The answer is ‘no’. Sachs imagines low and middle income countries enjoying the lifestyles that the richer world enjoys. It would mean ecological disaster. The only way it is possible, he says is through a concept he calls ‘decoupling’…
… using sustainable technologies that allow for economic progress, especially in the poor and middle-income countries without damaging the environment because those technologies decouple the progress from the use of primary resources or from carbon emissions.
Solar power is the answer, he suggests, citing recent falls in the price of PV cells on the world market. Yet those falls are, as we all now know, the consequence of over-production in the East, not advances in production of them, after markets were created for them by absurd levels of subsidy, especially in Europe. And even more so in Germany… a first world country in which 800,000 people a year cannot afford to pay their electricity bills and so get cut off thanks to its renewable energy policies — especially solar — causing ever rising prices. Not even Germans — whose GDPPP was $ 38,400 in 2011 — can afford solar power!

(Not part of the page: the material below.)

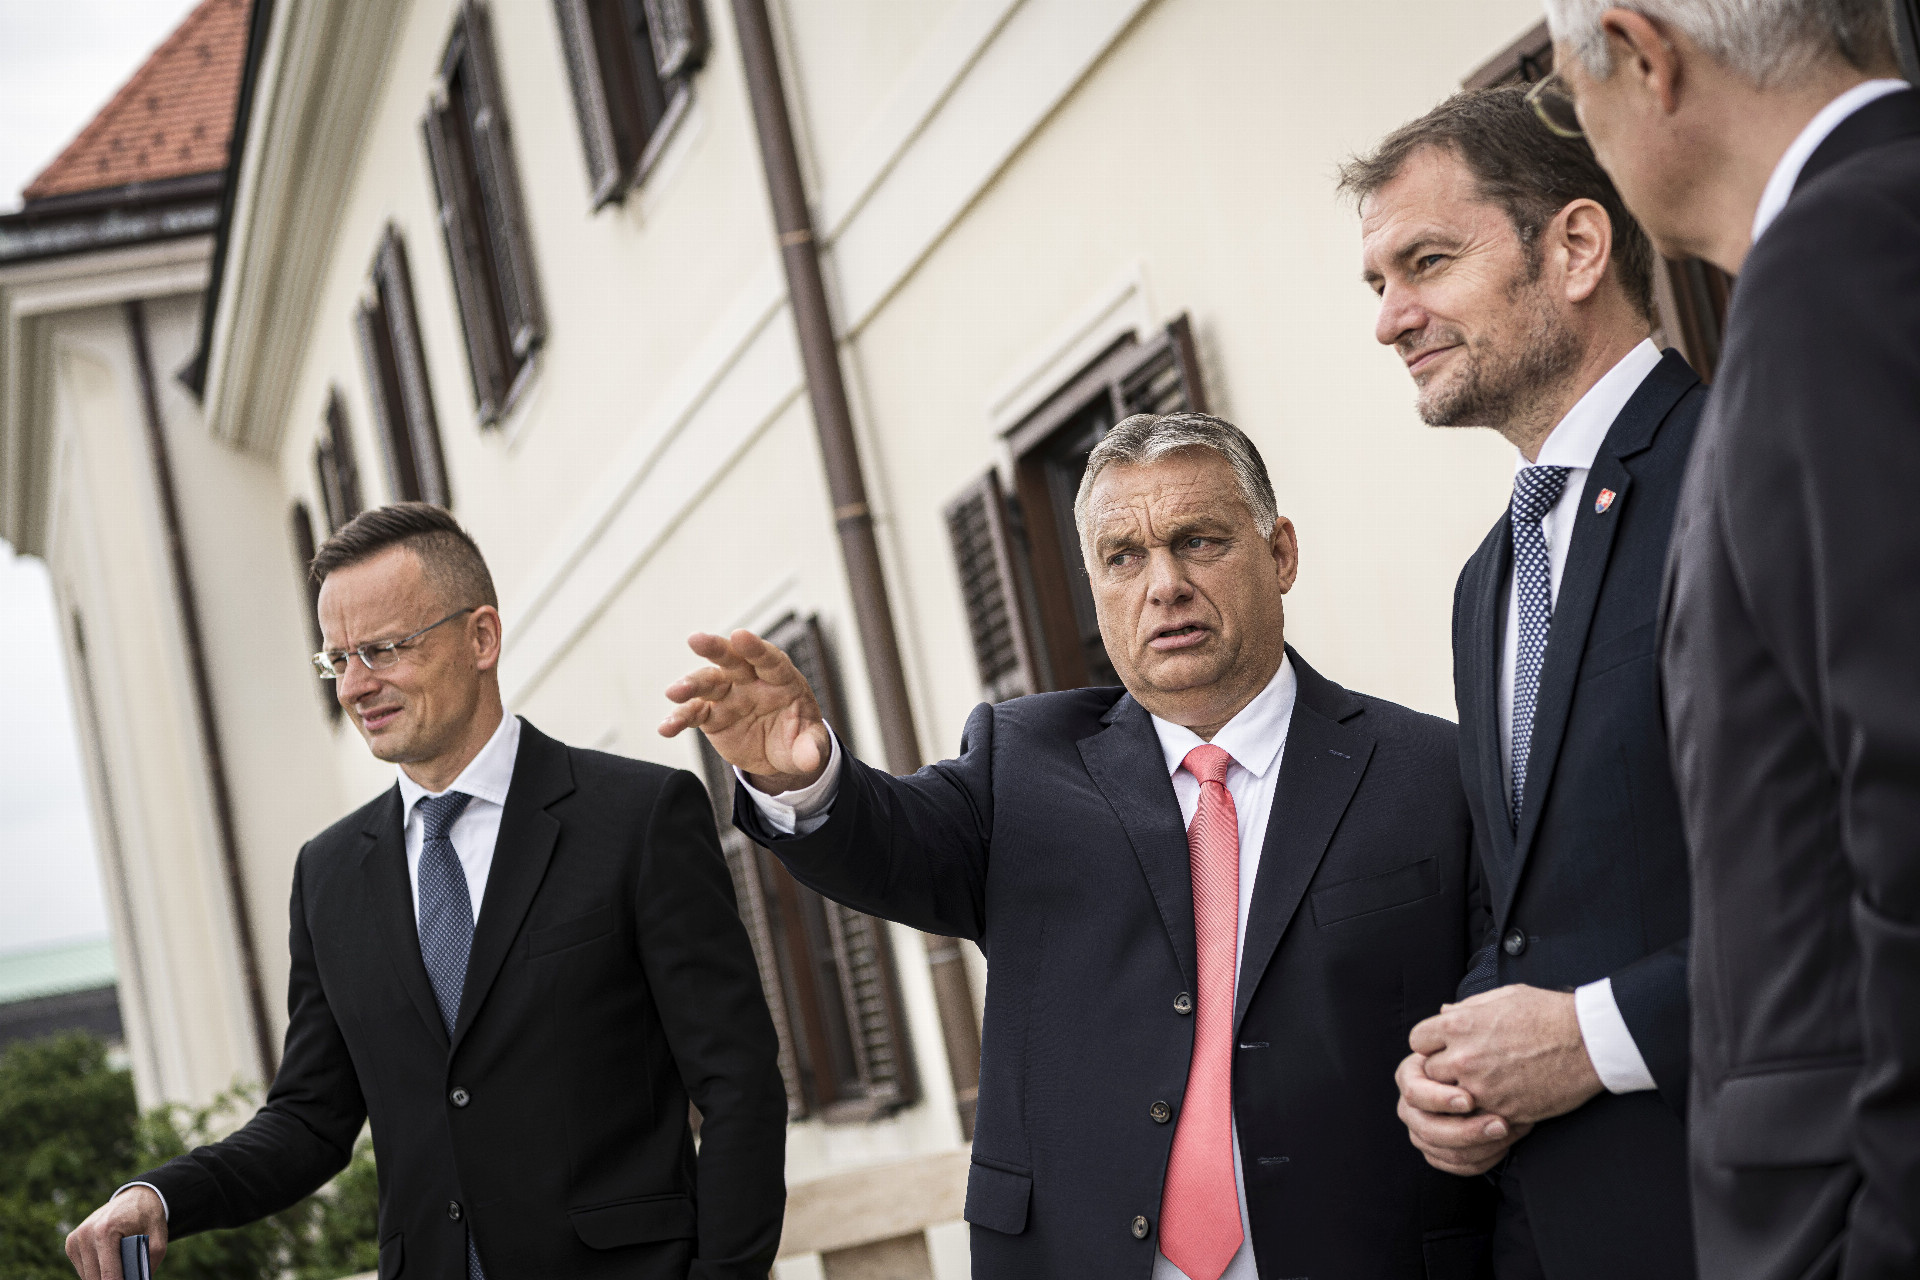 Spoločnú reč počas návštevy v Budapešti našli nielen premiéri Viktor Orbán a Igor Matovič, ale aj šéfovia diplomacií Péter Szijjártó (vľavo) a Ivan Korčok.
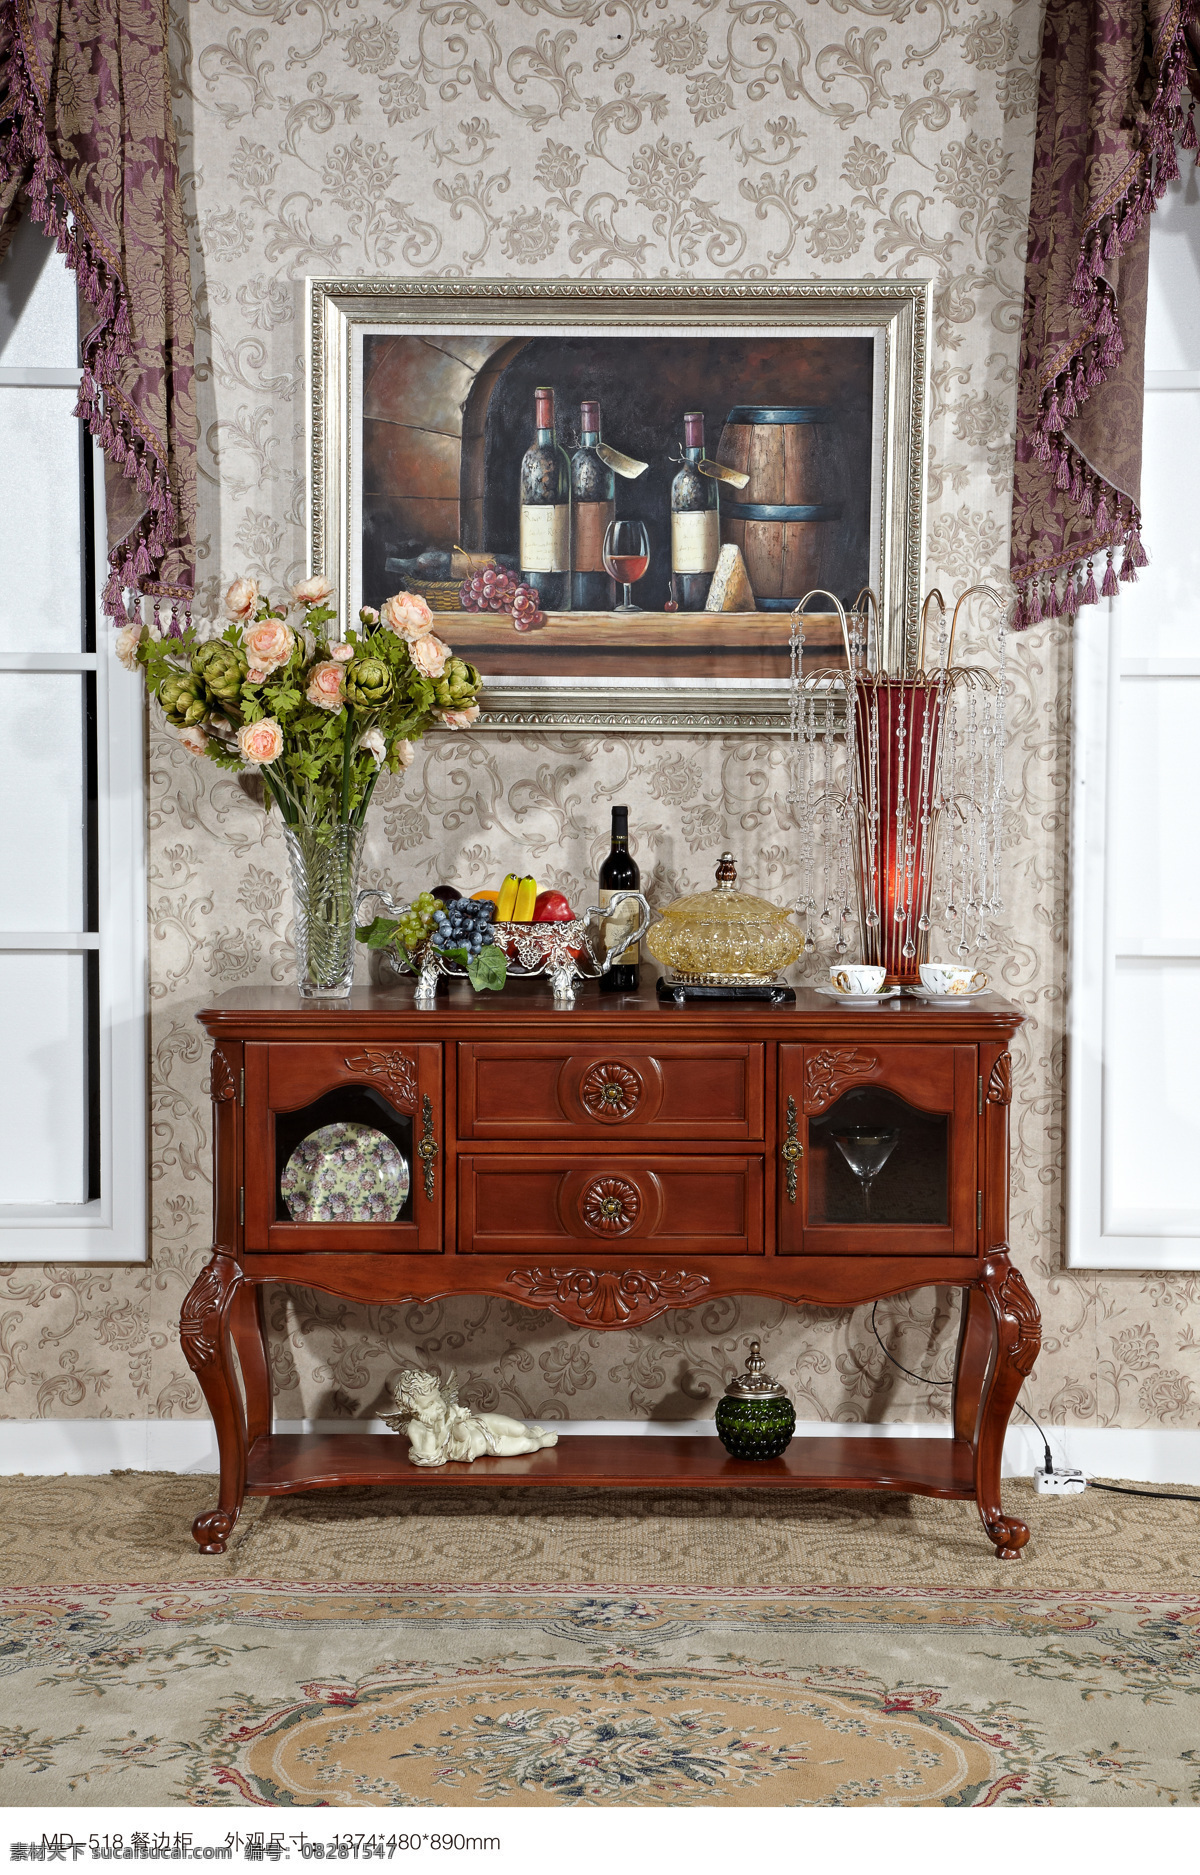 美式家具 美式 家具 家居 沙发 窗帘 室内设计 地毯 画 餐边柜 室内摄影 建筑园林

The developing world will just have to wait for the technology it would seem. Which isn’t really an answer to the question, Is it possible for all the world’s nations to be developed, or must there be winners and losers?” The losers will have to remain losers until Sachs’s pipe dream becomes a reality, meanwhile the coal, oil and gas that they might enjoy now, or in the very near future will remain in the ground. A man, in such a position of influence as he — with the ear of presidents throughout the world, and as former adviser to the World Bank, the Organization for Economic Cooperation and Development, the World Health Organization, the International Monetary Fund, and the United Nations Development Program, and as the author of many projects seemingly intended to realise ‘sustainable development’ — really ought be able to answer the question.
Instead he unwittingly gives the lie to the claim that sustainable development is necessary — ‘sustainability’ is in fact hostile to the very concept of development.
Perhaps Sachs believes his own verbiage. But I see no reason to take at face value what has very little scientific basis. It is not simply bad science, bad politics and bad faith — these things justified on mystical concepts of ‘balance’, and ‘ecosystem’. It is woo-woo, passed off as planet-saving insight. Shame on Sachs.